That dog tale, recounted in Noem’s 2024 book No Going Back, sparked national outrage and weeks of headlines. Noem defended the decision as a hard farm call, but critics across the spectrum weren’t buying it. Animal advocates, late-night hosts, and even some conservatives torched her judgment.

Enter South Park, which recently cranked the satire to 11. In the August episode “Got a Nut,” the show portrayed Noem as a ruthless, image-obsessed ICE boss who shoots dogs and suffers a grotesque cosmetic meltdown. Noem fired back, calling the show “petty” and “lazy,” but the jabs only amplified the bit.

Meanwhile, Noem’s day job is producing its own meme fuel. The Department of Homeland Security had to publicly torch a viral rumor that she was backing a reality show where migrants would “compete” for U.S. citizenship. DHS branded the story “completely false” in a May statement, and the department’s unusually blunt pushback only highlighted how fast such rumors can take root.

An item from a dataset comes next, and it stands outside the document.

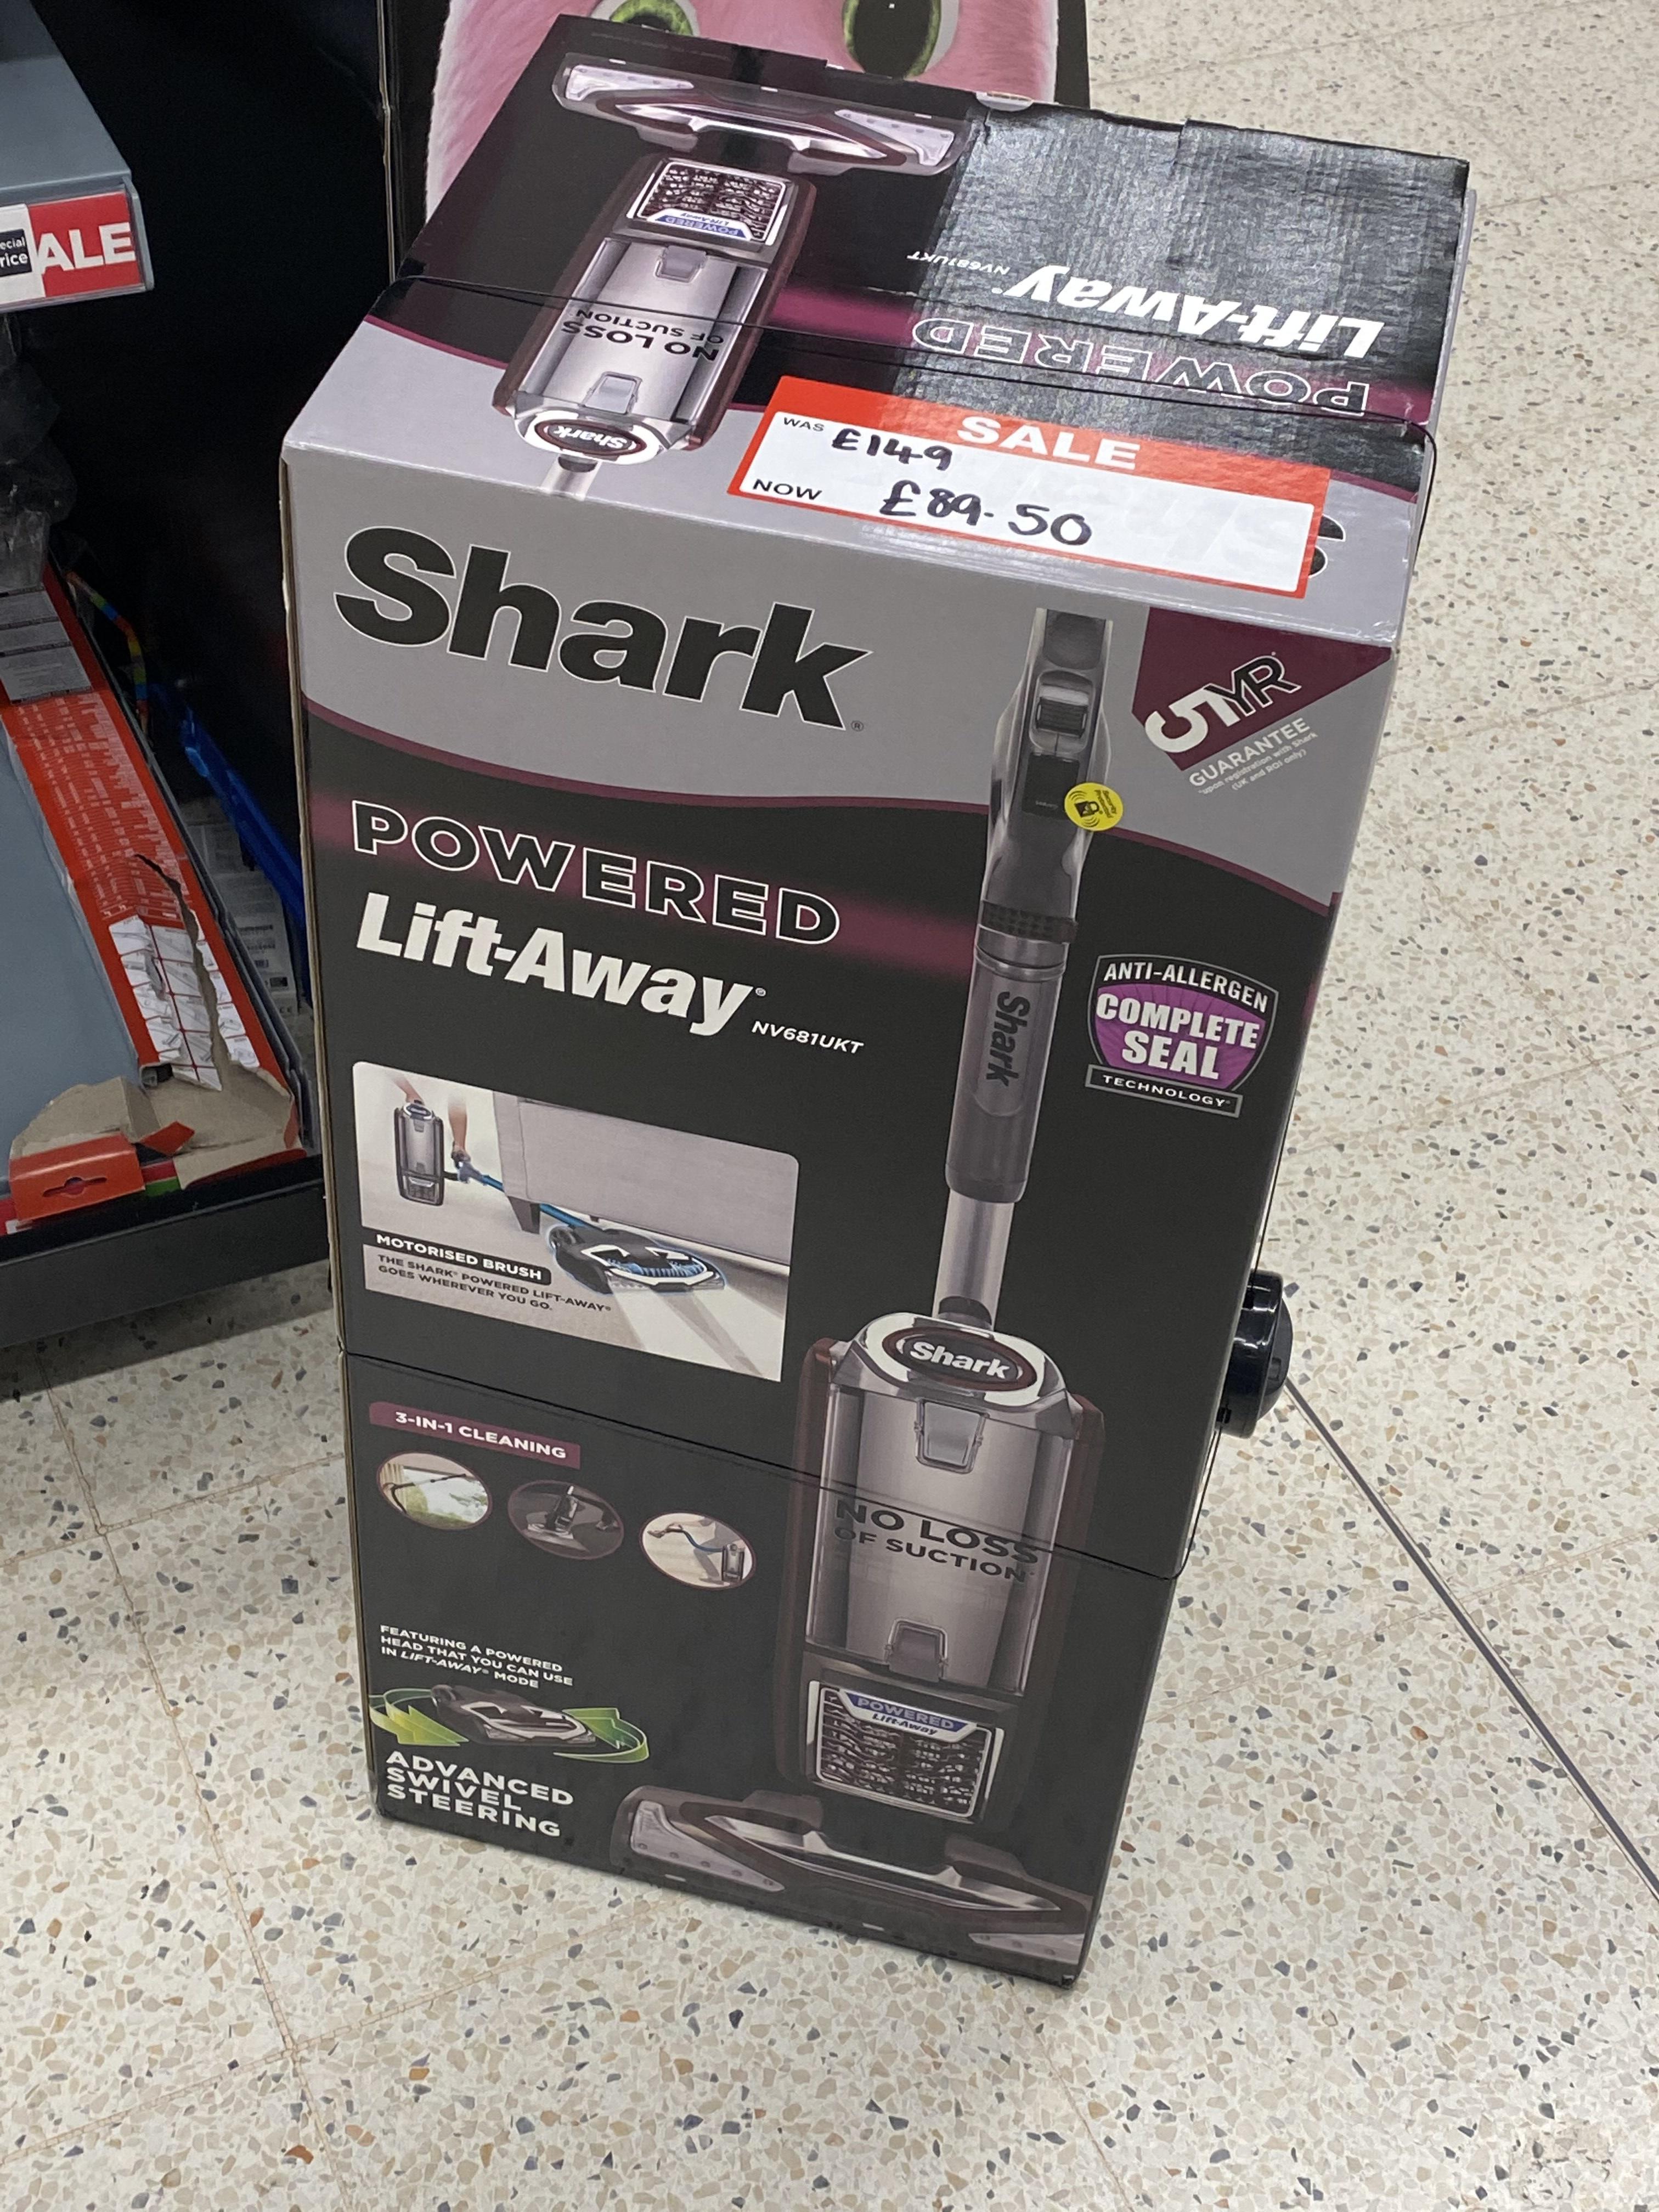 Shark Powered Lift-Away [NV681UKT] 3-in-1 Vacuum - £89.50 @ Asda (Nottingham)

And now there’s a new, nastier label chasing her around Washington: ICE Barbie. The nickname resurfaced as critics mocked Noem’s glossy photo-ops and hard-line deportation theatrics, then stuck after a diplomatic embarrassment with Argentina blew up into a headline-splashed mess. Noem inked a splashy statement of intent on a visa-waiver deal during a July trip, but the signing allegedly blindsided other senior officials, and the rollout collapsed just as an Argentine delegation was flying in. Internally, it was called “embarrassing.” Externally, it looked like style over substance.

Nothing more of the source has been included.